“The work of art will bring to light a new order inherent in things…the idea of unity.”
Portrait of Gertrud Müller pictures a lovely young woman in an elegant pink satin gown sitting on a side of a cushioned bench with a blank yellow wall behind. Swiss painter Ferdinand Hodler painted this portrait four years after his friend Gustav Klimt finished his famous Portrait of Adele Bloch-Bauer. These two works share general similarity in the stance and expression of the models, a distinct flattening of space, asymmetrical compositions and a purposeful distortion of figural proportions. Yet, the contrast between the graceful simplicity of Müller’s portrait and the lavish gold decor of Bloch-Bauer is quite striking.

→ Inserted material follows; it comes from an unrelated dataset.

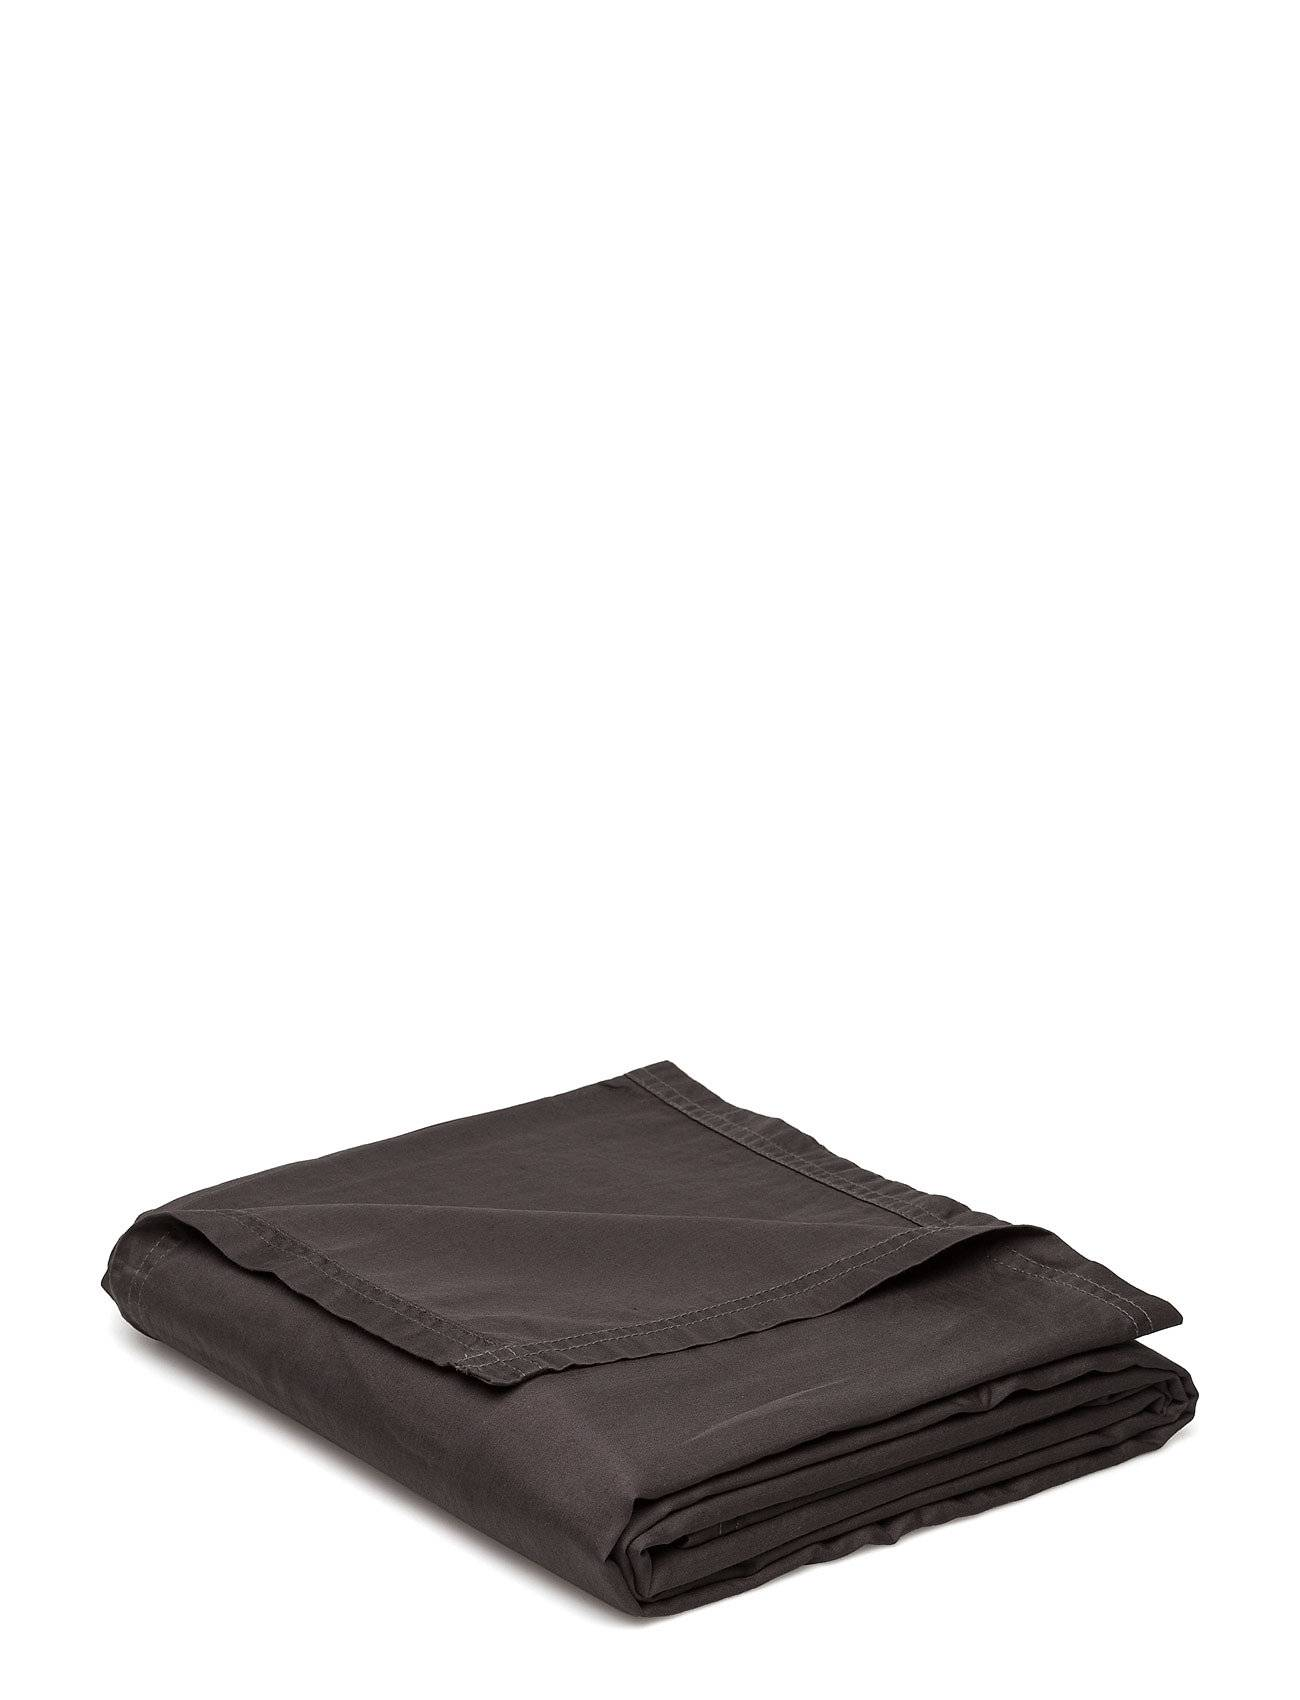 Himla Soul Of Himla Sheet Home Bedroom Sheets Musta Himla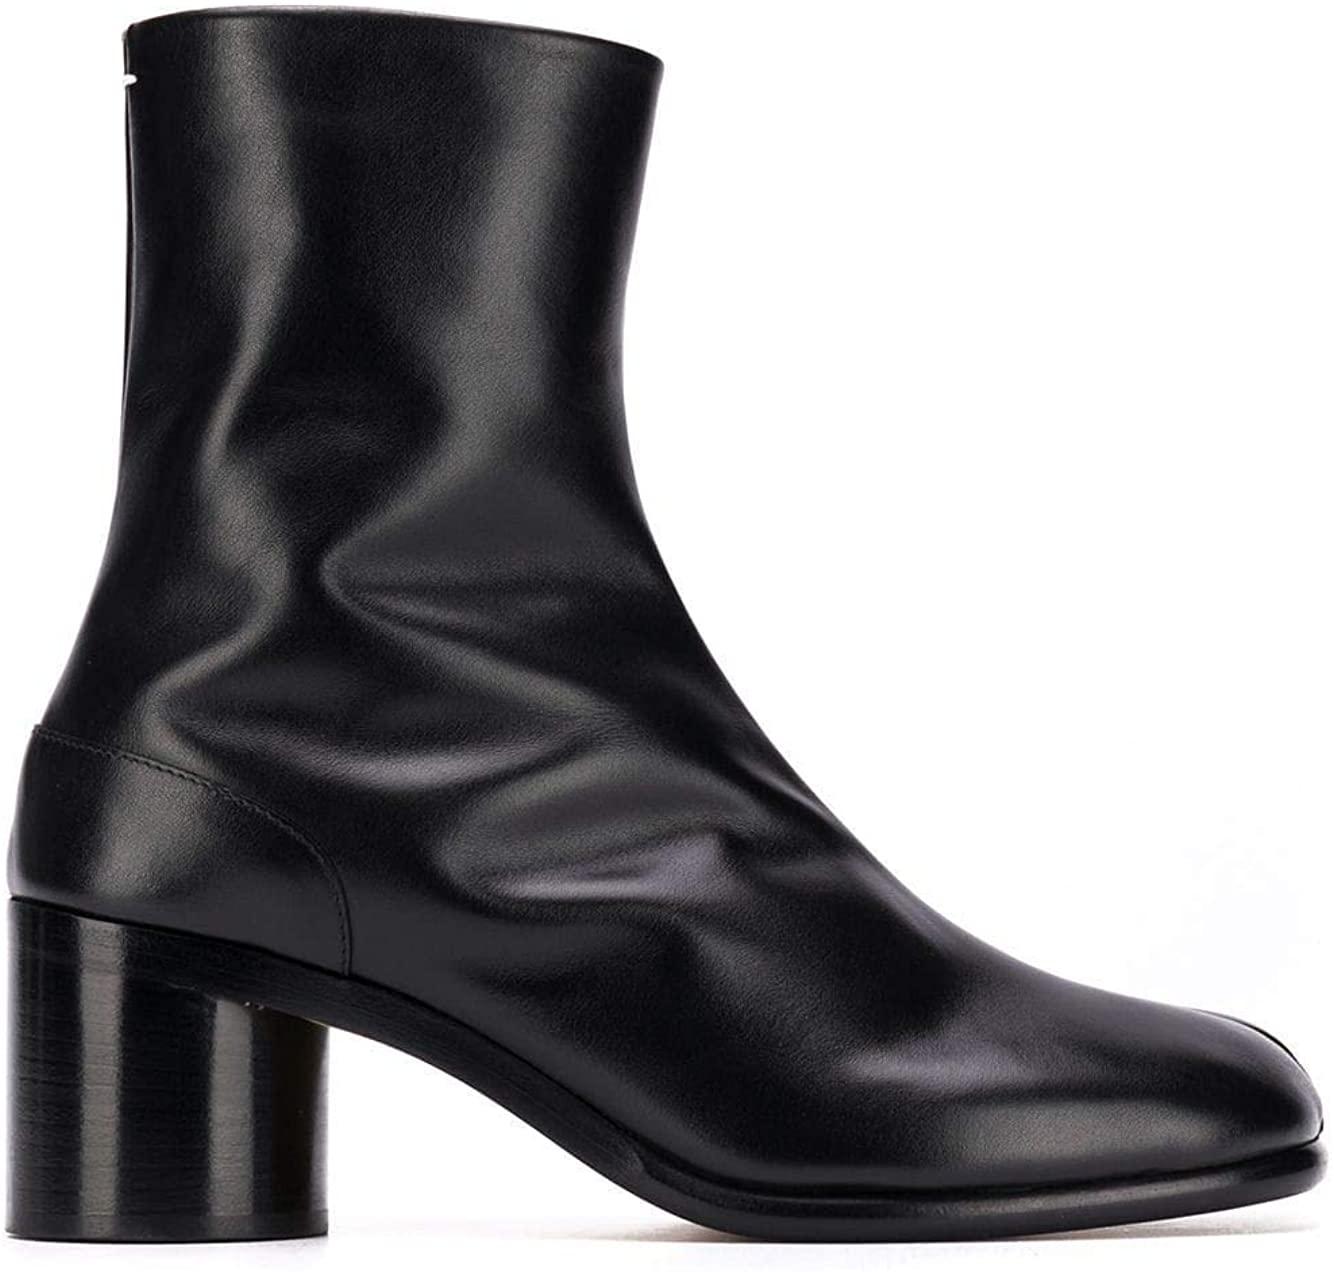 Maison Margiela Luxury Fashion Man S57WU0132PR516T8013 Black Leather Ankle Boots | Season Permanent

Gertrud Dübi-Müller, the daughter of an industrialist family from Solothurn, was a very important art collector at the beginning of the twentieth century. She had a close and long-standing friendship with Hodler, who portrayed her numerous times. Müller, an avid photographer, in her turn made more than 100 pictures of Hodler at work in his studio during his last seven years. Hodler’s significance for international modern art became especially evident in view of these final years, when his work grew increasingly radical and abstract.
Over the course of his lifetime, Hodler moved among a variety of subjects and approaches, from audacious Symbolist works, to expansive landscapes and powerful portraits, which were in great demand starting around 1900. He pushed the genre to its limit when he became a witness to the slow death of his mistress – Valentine Godé-Darel. Her suffering gave rise to a a series of deathbed portraits, a body of work thought to be unique in the history of art. During the two years of her illness Hodler documented Godé-Darel’s decline in some hundred paintings and drawings. Many of those works were part of a 2013 exhibition at the Neue Galerie in New York.